Hmmm... I went back and took a look at your math and his and there seems to be a discrepancy as to the total debt.
According to your analysis, the total debt would be $1.125b ($575m Tempo debt + $550m non-Tempo debt). However, his analysis shows $1.7b in total debt. This debt difference of $575m is problematic for your analysis because of accurate would produce negative per share equity valuations for the company, and require the bondholders to make concessions.
Also the $500 conversion cost cited, after many re-readings, appears to refer to the costs per sub for P* to convert its subs to high power using the 119 slot. With 2.3m subs x $500 per each conversion cost, you are generating another $1.15b of costs to the company. Worse yet, the company's problems with their bondholders make it unlikely they could raise the funds to complete a conversion to high power with a debt offering. Current stock prices would preclude an additional equity offering.
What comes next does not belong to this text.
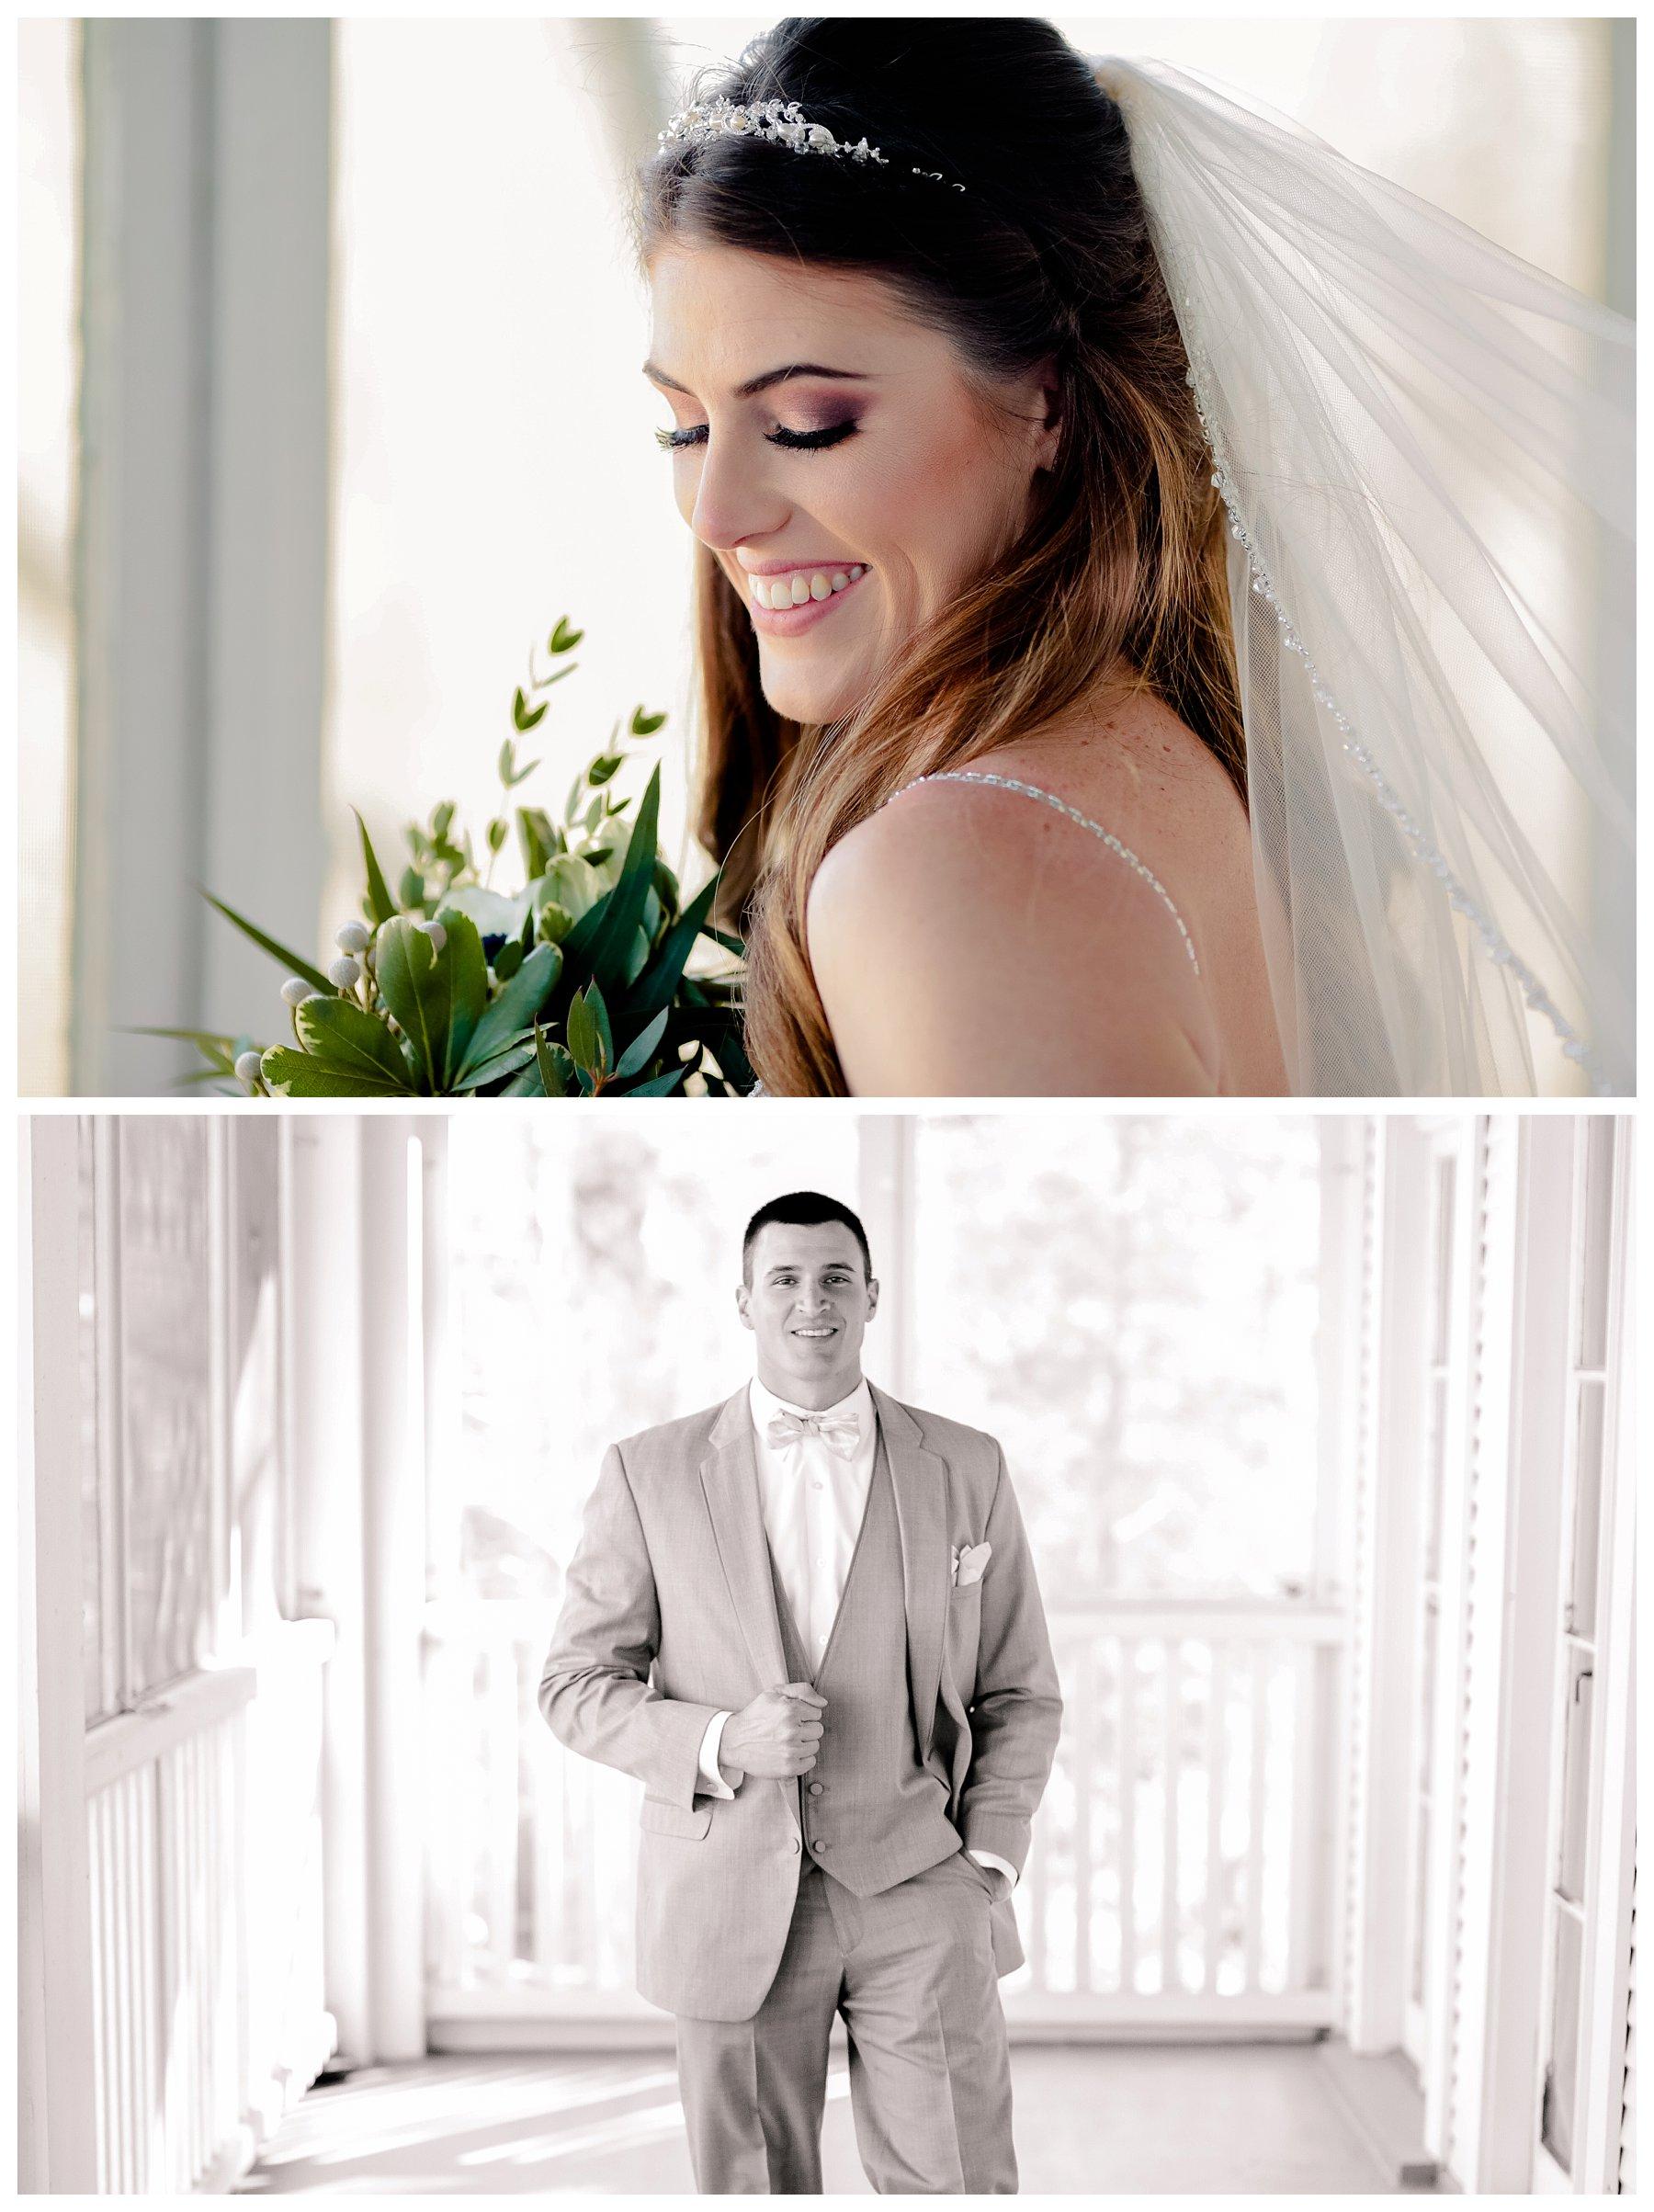 photographer_wedding_saint_louis_Kansas_City_Photography_Videography_workshop_training_styled_engagement_Lake_Ozark_KC_MO_STL_Rolla_Hermann_Saint_James_0366.jpg

Of course, you may say why not leave P* as a medium-power service? The reason is simple: churn. Any further attempt to cling to the original model is likely to accelerate the churn rate, which is already at ruinous levels. Consider that P*'s acquisition costs per sub are by one estimate almost $600, by far the highest in the industry. Without a conversion, the 33%+ churn rate would leave them 3 years per existing customer. By that math, it will cost them $517.5m per year just to tread water ($600 in acquisition costs plus the cost of removing the equipment at $75 per lost sub x 2.3m subs).
Again, P* has no realistic way of paying for those costs. And no realistic way of reaching a breakeven through sub growth, either, when you consider that the company must first replace nearly 64,000 subs per month before it gains 1 new net subscriber.
Now, if they were to sell, I believe that similar costs would apply for either DISH or DTV to convert the subs to their services. Those costs would be adjusted for in the purchase price, since whoever buys P* would have to switch the subs over to their platform.
Which leaves me wondering "where is the equity?"